Clinic based case–control study populations are often not representative of the general population. However, cases and controls were recruited from clinics that serve the same underlying populations, thus preserving internal validity. Because a considerable proportion of the skin cancer screening patients were confirmed to be free of skin cancer only after completion of the follow-up visit with a dermatologist, there was at time lag from study consent to verification of case–control status. As such, matching controls to cases was logistically challenging and significant case–control differences in age and sex resulted. However, all analyses were adjusted for age and sex. Furthermore, the analysis restricted to those aged 40 to 69 yielded similar results as those obtained from the entire study population. In addition, similar associations between genus-specific HPV seropositivity and SCC were observed between males and females in the restricted age range. Therefore, the observed associations between cutaneous HPV seropositivity and SCC are not likely due to residual confounding by age and/or sex. Adjustment for multiple comparisons reduced the statistical significance of most of the observed associations, thus, chance cannot be ruled out as an explanation for these findings. However, multiple comparisons is a methodologic challenge faced by all epidemiologic studies of cutaneous HPV infections, given the sheer number of types potentially implicated in SCC. Benign lesions were not obtained for control subjects that completed dermatologic follow-up, as such, for comparison purposes it was not possible to test the benign lesions for the presence of HPV DNA. If in fact cutaneous HPV is associated with benign skin lesions then the observed results would be attenuated given that a subset of the controls were diagnosed with such lesions.

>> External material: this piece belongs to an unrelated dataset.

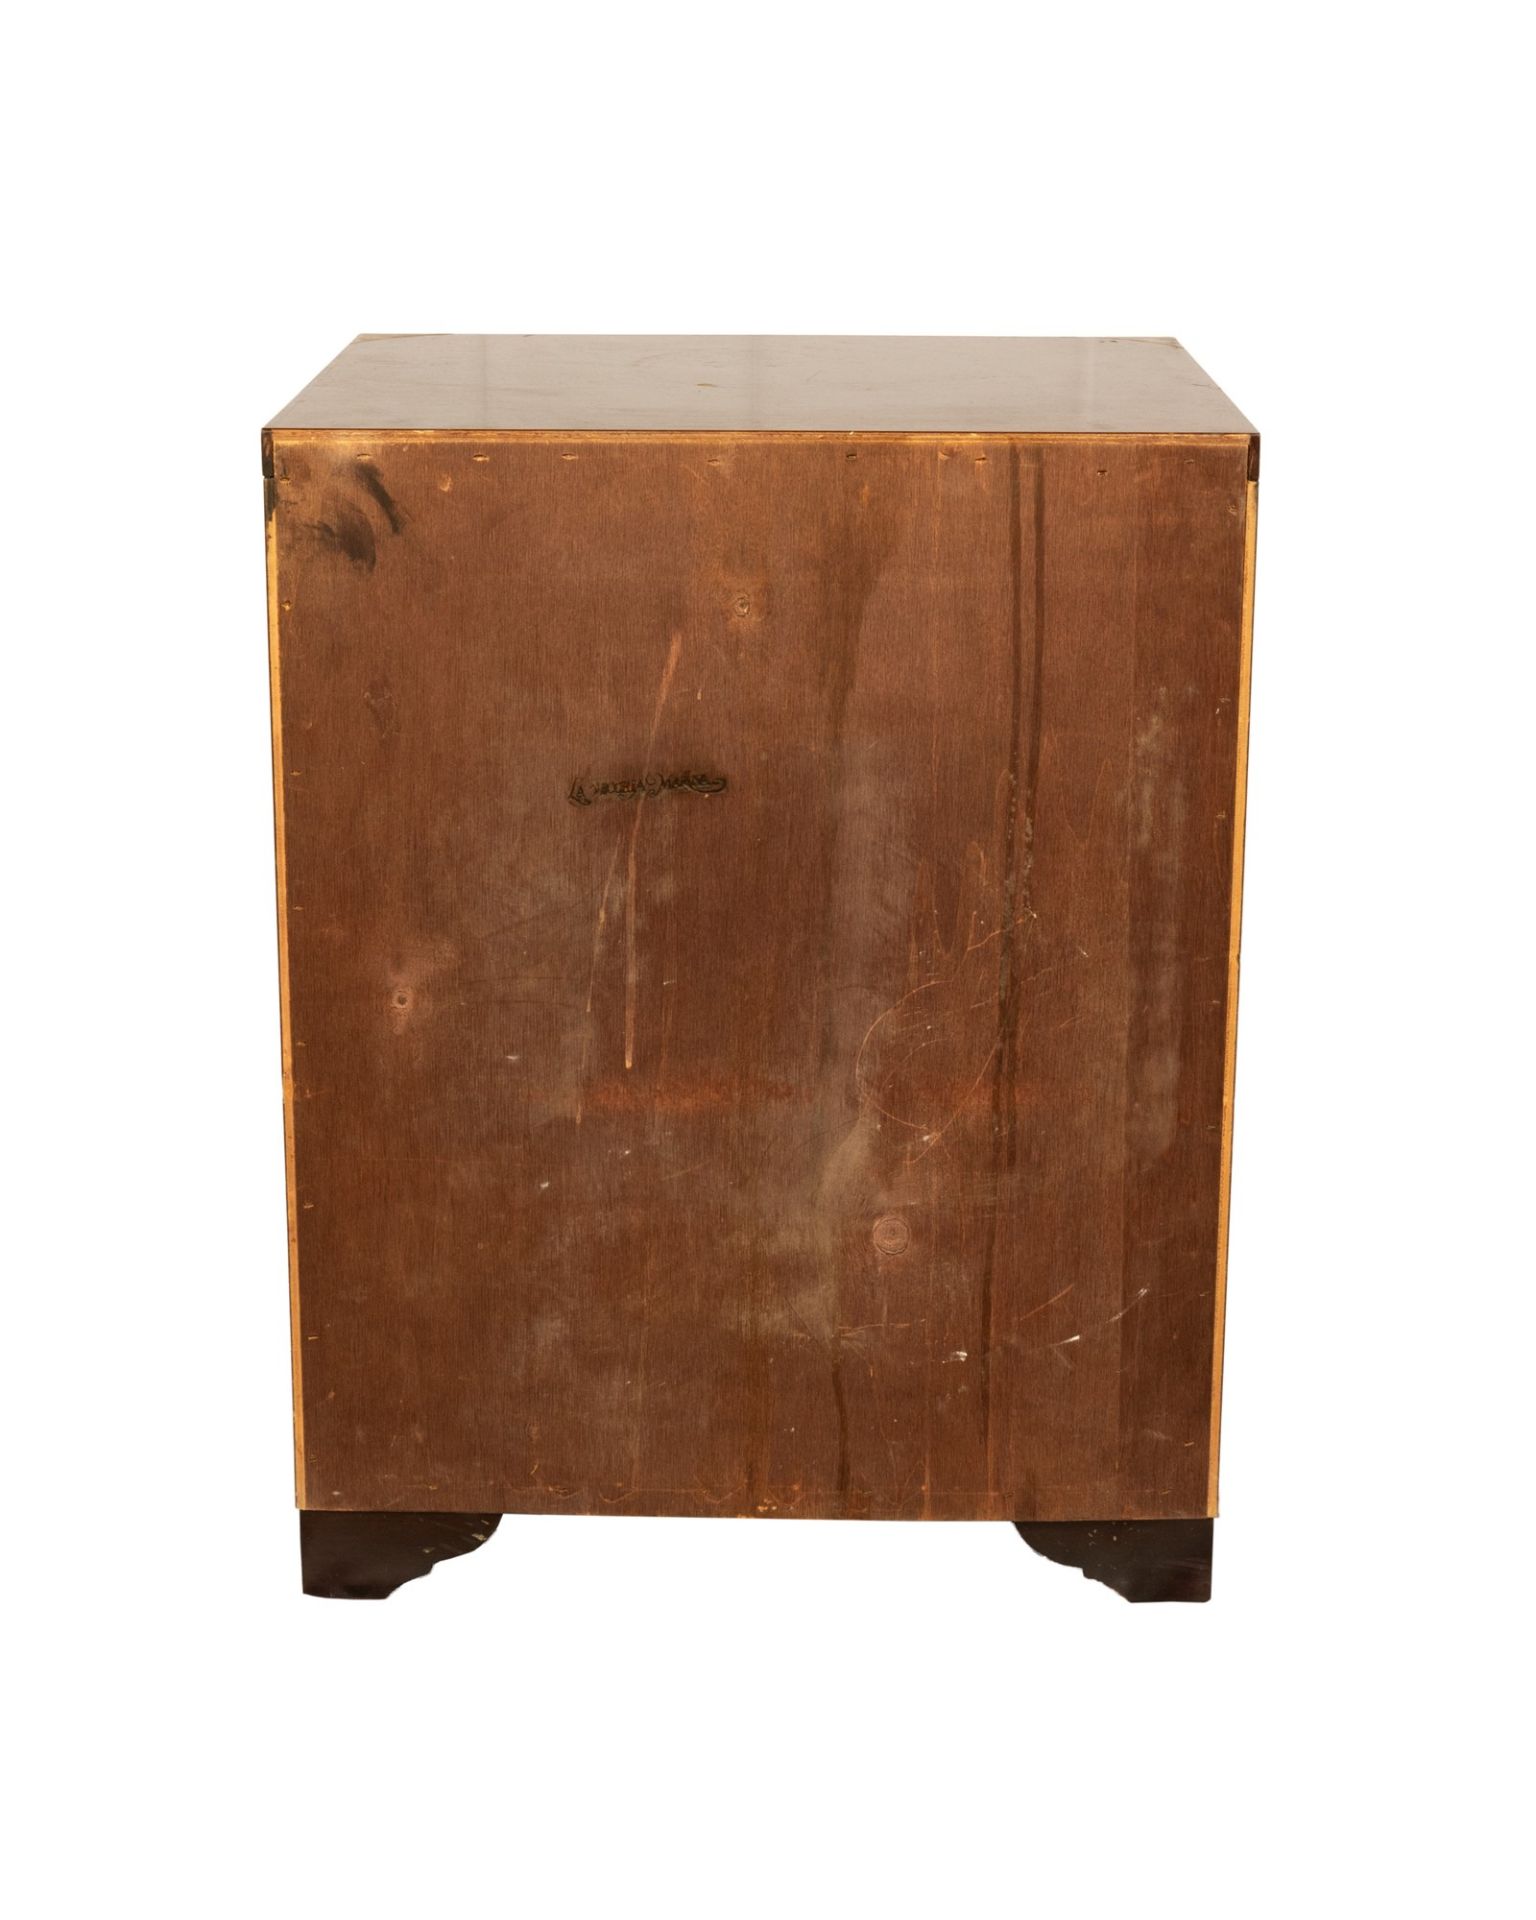 Antica Marina wooden bedside table with brass inserts - Image 21 of 23
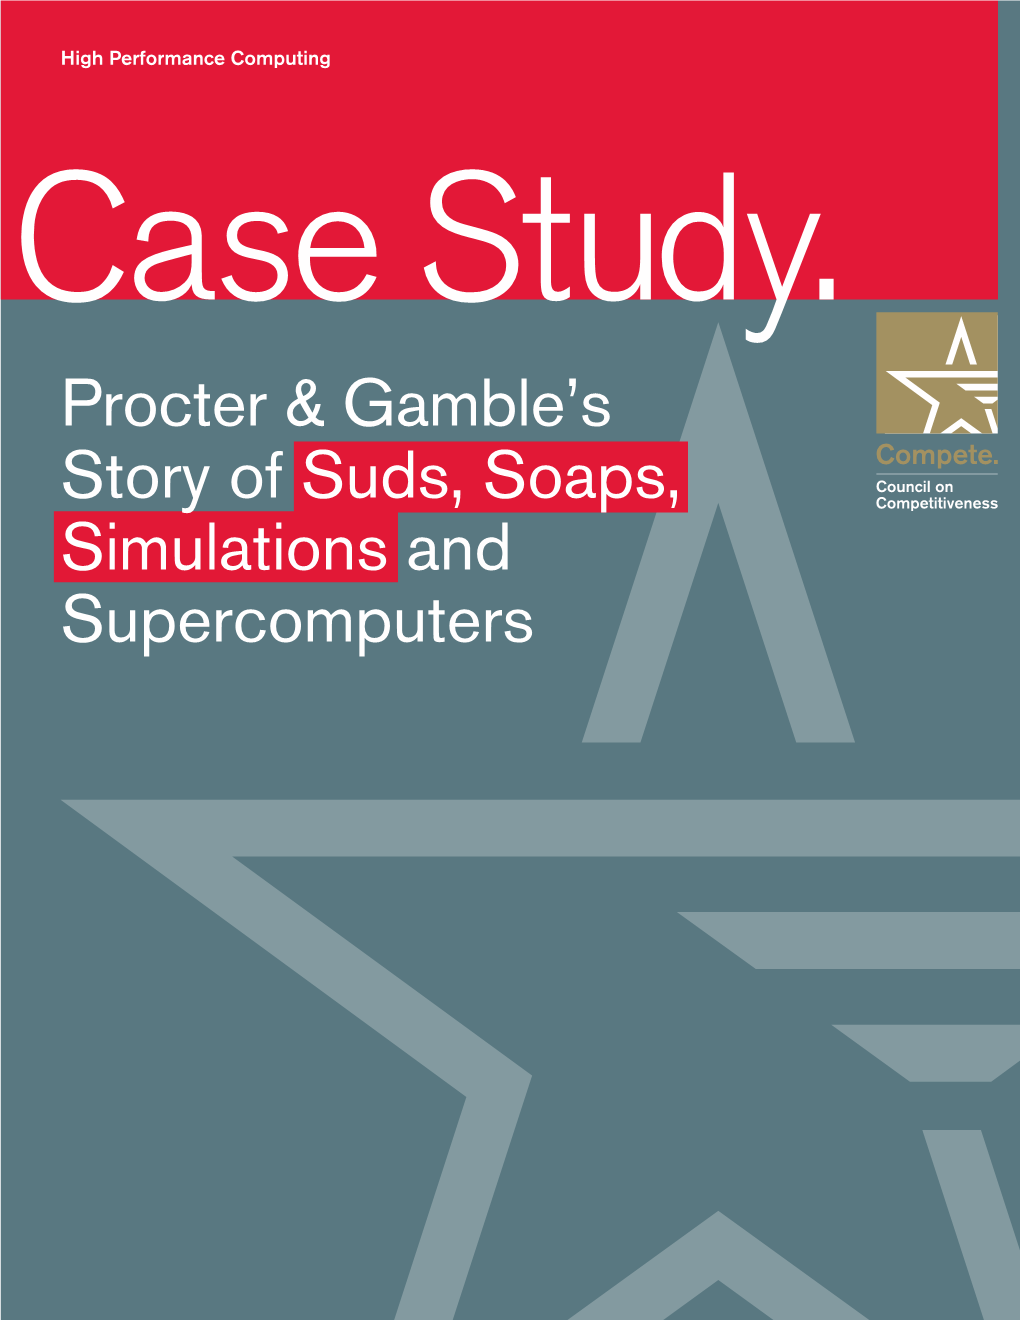 Procter & Gamble's Story of Suds, Soaps, Simulations And

Several study strengths should also be noted. The current study is the first to present cutaneous HPV genus and type-specific associations outside of genus-alpha and -beta and to incorporate comparisons with genus-beta HPV DNA reactivity in SCC tumor tissues in a U.S. population. Only one study in the published literature has presented similar results among residents of Sweden and Austria (3). This is a major strength of the current study compared with previously published case–control studies of cutaneous HPV serology in SCC, allowing the unique opportunity to investigate specificity of serologic response and the presence of DNA for the same HPV type. In addition, the laboratory used to test for cutaneous HPV seropositivity has been used in most of the seroepidemiologic studies of cutaneous HPV published to date (4, 6, 7, 11, 22, 25, 40, 41), allowing for direct comparison across studies. Finally, the full-body skin examination conducted on all control subjects is another study strength, as it eliminated misclassification of SCC case–control status that can result by inclusion of apparently healthy individuals who in fact have a prevalent, undiagnosed SCC. Of note, 6 of the SCC cases included in the current study were screen-detected.

The current study confirms previous findings supporting the association between genus-beta seropositivity and SCC. In addition, genus-beta type–specific associations with SCC are supported by the observed correlation between HPV seropositivity and tumor DNA positivity for specific types in genus-beta. However, additional longitudinal studies need to be conducted to better understand the direction of the association between cutaneous HPV infection and SCC to rule out the possibility of reverse causality.